Ph.D. Defense: Weiwei Li
Ph.D. Thesis Defense
Thursday, March 19th, 2020
Meeting ID: 604 122 248
Data Science Methods with Applications to Genetic Sequencing
Data science methods is of increasing importance in modern genetic sequencing analysis. In this dissertation, we mainly focus on applying statistical modeling to structural variant detection problem and a new frame work for scalable and provable subspace clustering.
In the first project, we discuss the optimal sampling strategy for structural variant detection using optical mapping. Here we develop an optimization approach using a simple, yet realistic, model of the genomic mapping process using a hypergeometric distribution and probabilistic concentration inequalities.
In the second project, we introduce a formal probabilistic model to assessing how well an optical read maps to a reference genome. We use this approach to infer the most likely location within that reference for any given read, as well as the likelihood of mapping to all other possible locations.

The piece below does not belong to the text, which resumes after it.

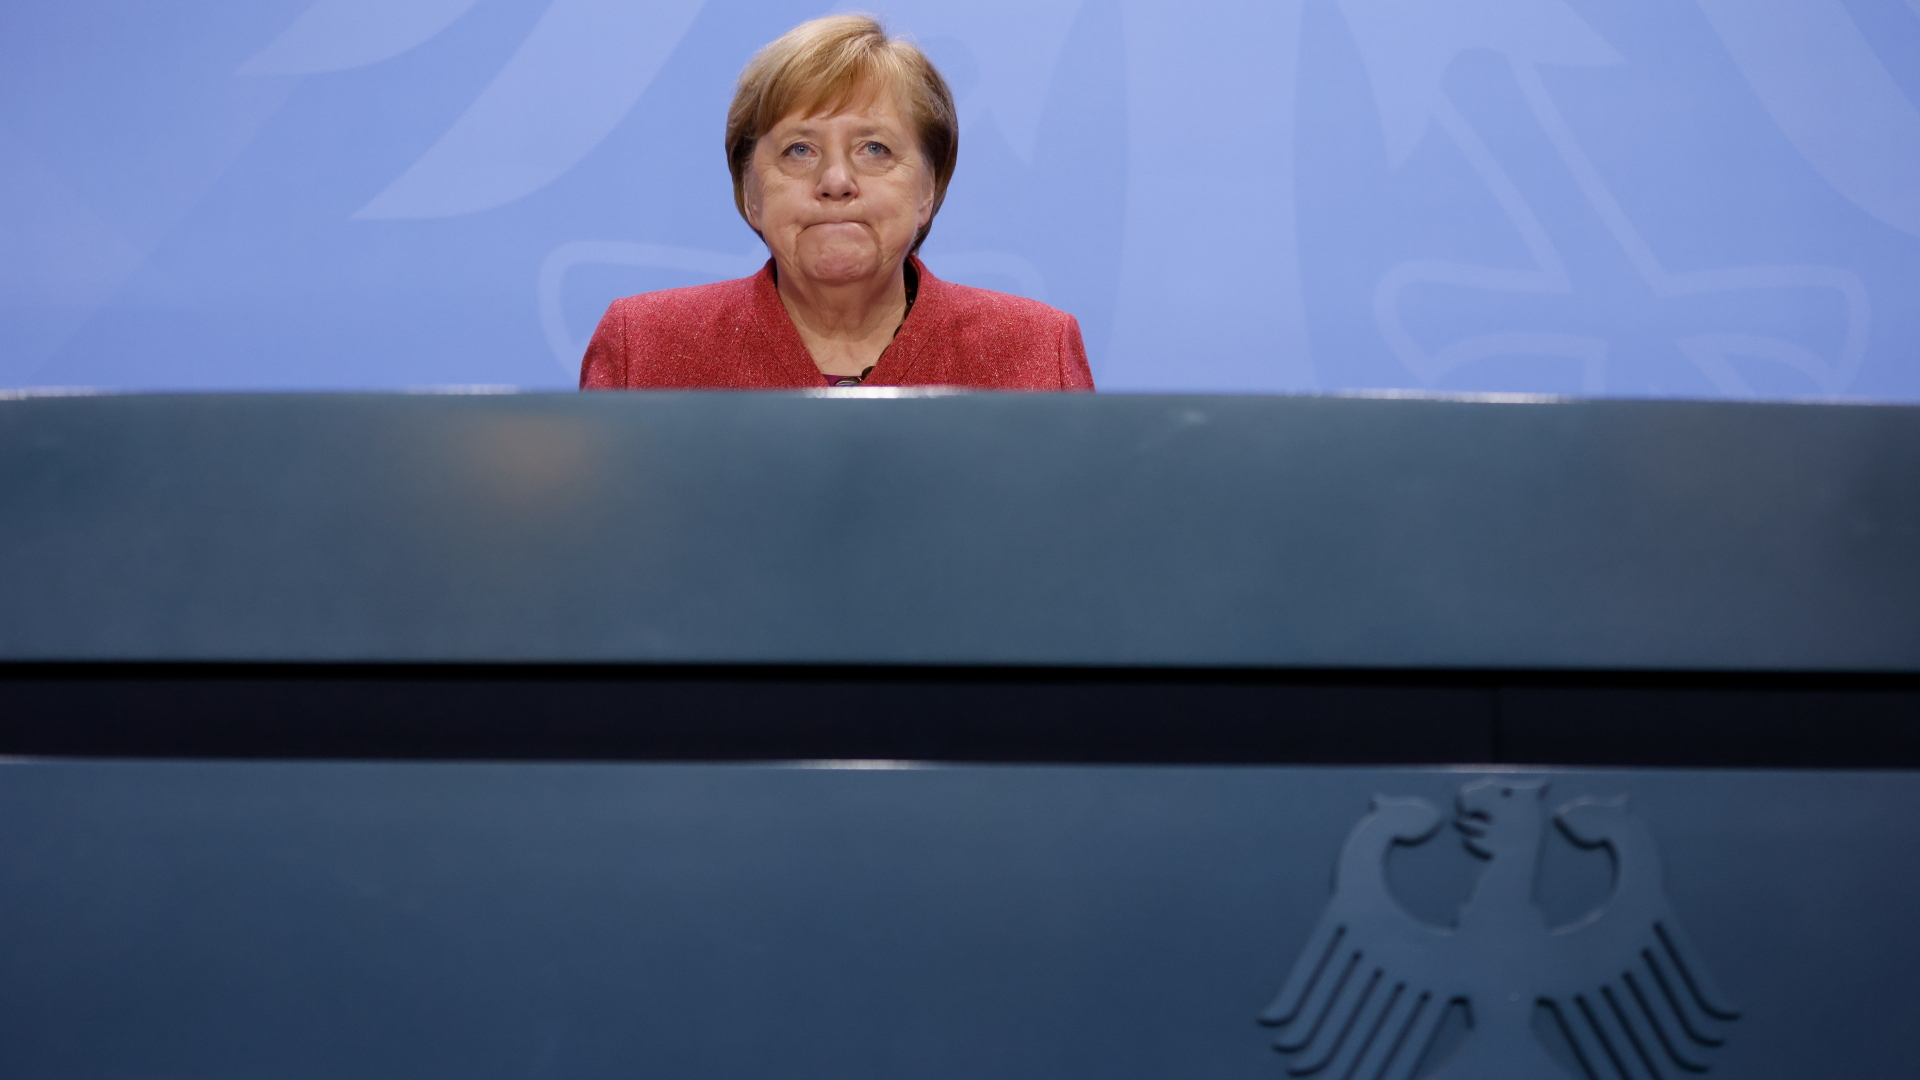 Bundeskanzlerin Angela Merkel (CDU) erläutert auf einer Pressekonferenz im Bundeskanzleramt die Ergebnisse ihres vorangegangenen Gesprächs. | dpa

Using data produced by BioNano Saphyr to parameterize a simulation, we show that our approach accurately identifies the likeliest locations of the observed optical read data.
If time permits, in the third part we introduce a new algorithm for subspace clustering. We consider modeling the collection of points in a high dimensional space as a union of low dimensional subspaces. In particular we propose a highly scalable sampling based algorithm that clusters the entire dataset via first spectral clustering of a small random sample followed by classifying the remaining out of sample points. The numerical results indicate we outperform other state-of-the-art subspace clustering algorithms with respect to both accuracy and speed.